Subsequently, after completing my two day management coach training program, the majority of managers experience that epiphanie moment. That is, “Wow, I thought I was developing and coaching my team but after this course, I realized that what I was doing wasn’t coaching. Instead, it was more about managing around my agenda and coaching in my own image; pushing my own expectations during each conversation.”
How Frequently Should You Evaluate Your Staff?
Aside from staff meetings or one on one coaching sessions with each employee, some companies hold year-end reviews. The problem is, unless you are continually checking in and meeting with your staff throughout the year, and keeping your finger on the pulse of every one of your direct reports, the year end review is often the first time that both the employee and employer get to share their wins as well as their challenges.

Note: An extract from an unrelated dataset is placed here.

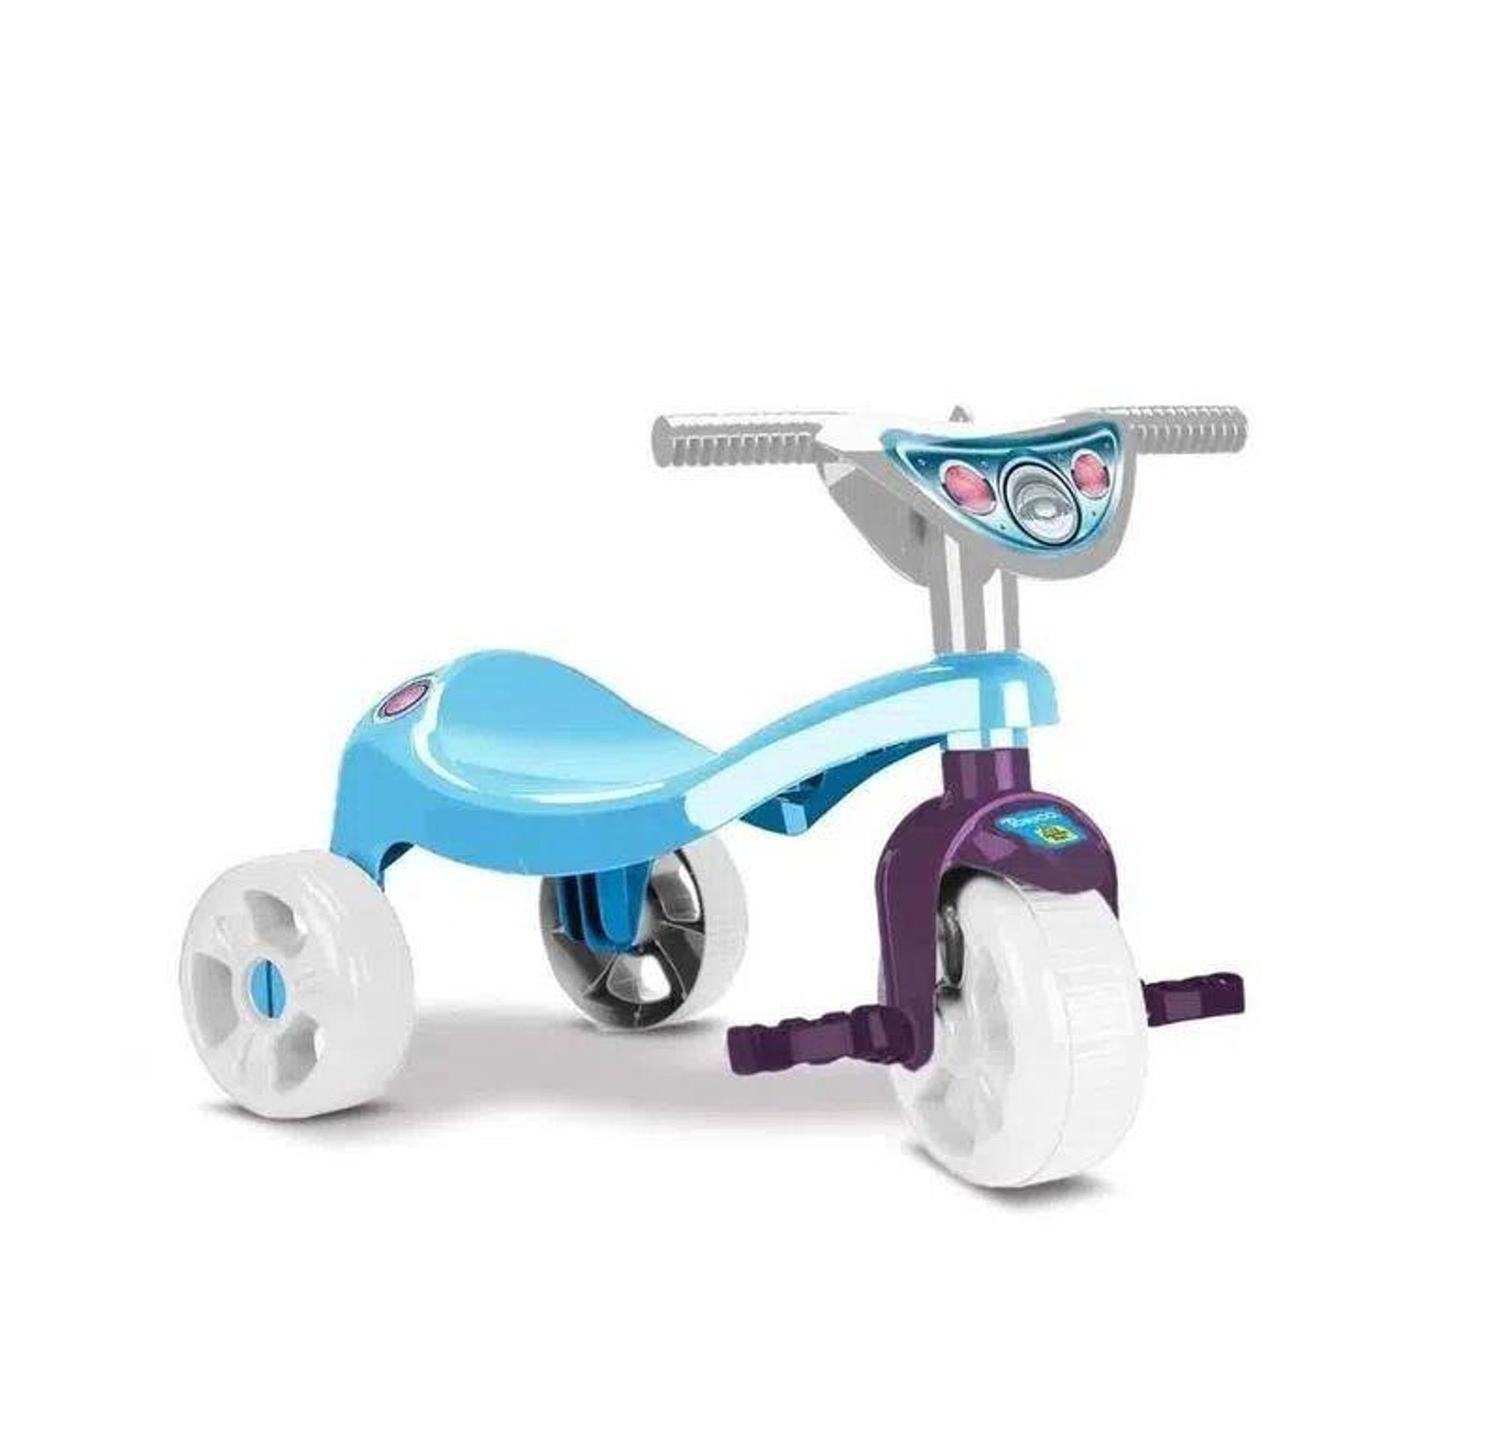 Triciclo Infantil Motoca Velotrol Bike Bebe Totoca Pedal na

A client of mine recently shared their concern about Jon, one of their salespeople. During Jon’s year end review, they uncovered some key issues that have compromised Jon’s performance throughout the year; issues that could have easily been eliminated with additional training.

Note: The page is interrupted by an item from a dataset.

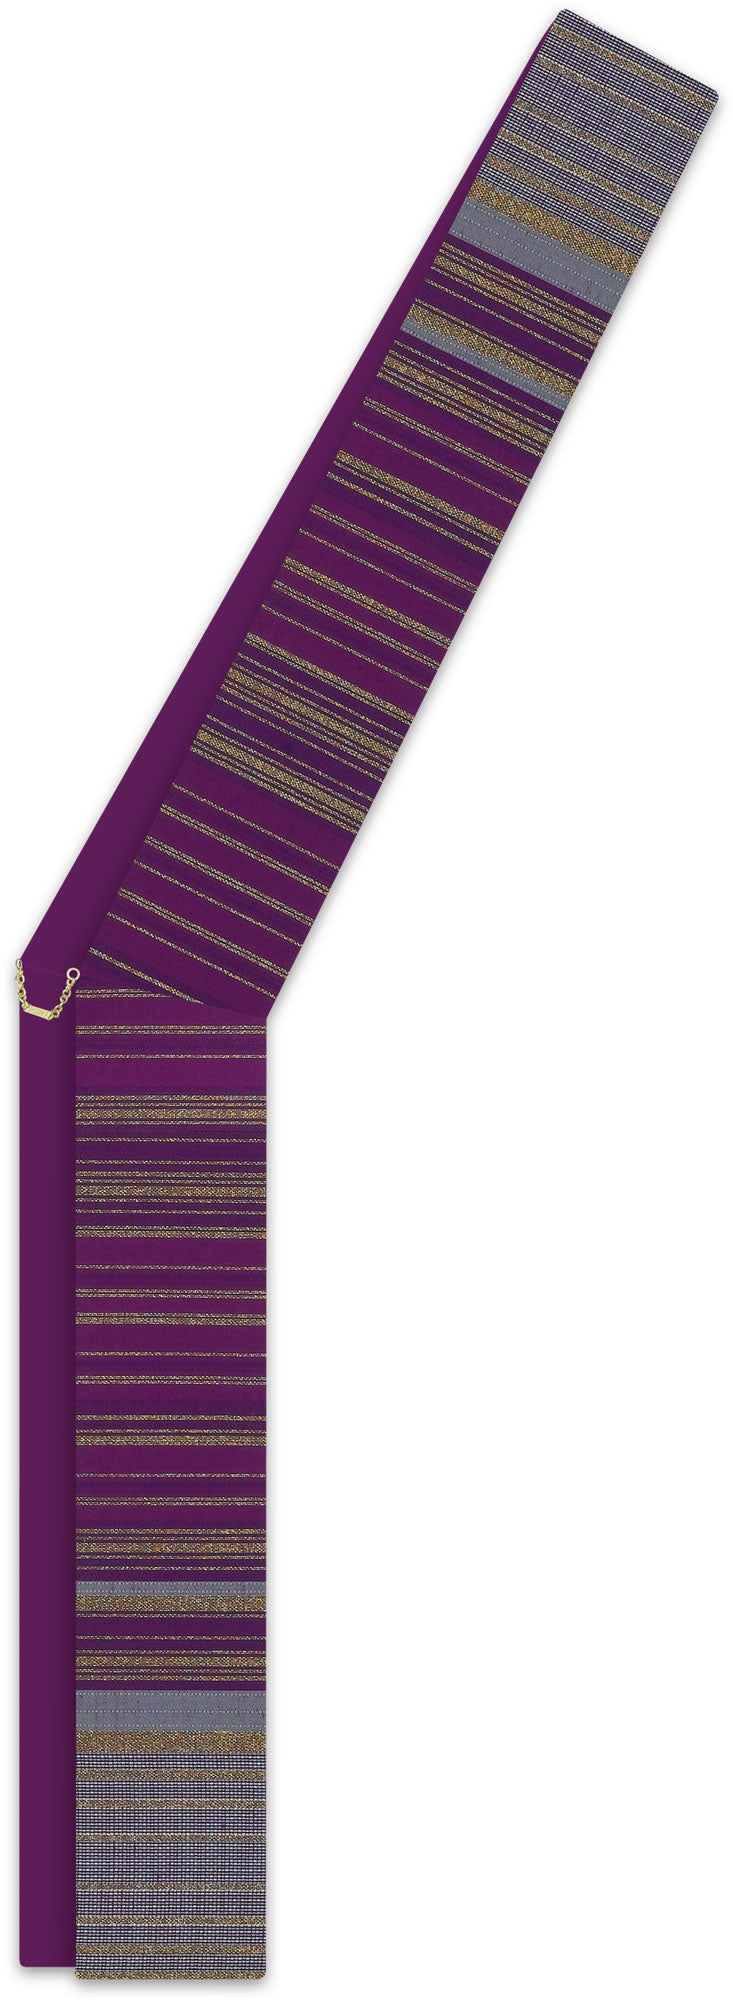 deacon-stole-34-19-purple.jpg

If only they had conducted their employee review on a more frequent basis, they could have recognized and eliminated this problem that not only compounded over the year but cost the company money, new business and countless hours in salvaging this employee. And if they lost this employee, it would have cost the company even more time and money to refill this position.
Mitigating Problems Through Consistent Coaching
Frequent reviews, compounded with ongoing coaching throughout the year, make it possible to turn a year-long problem into a minor week-long concern. Problems, like cancer, can metastasize. Checking the pulse of your direct reports on a consistent basis allows you to handle the little problems before they become the big problems that could have been avoided in the first place, allowing you to focus on what is most important. That is, making your people more valuable.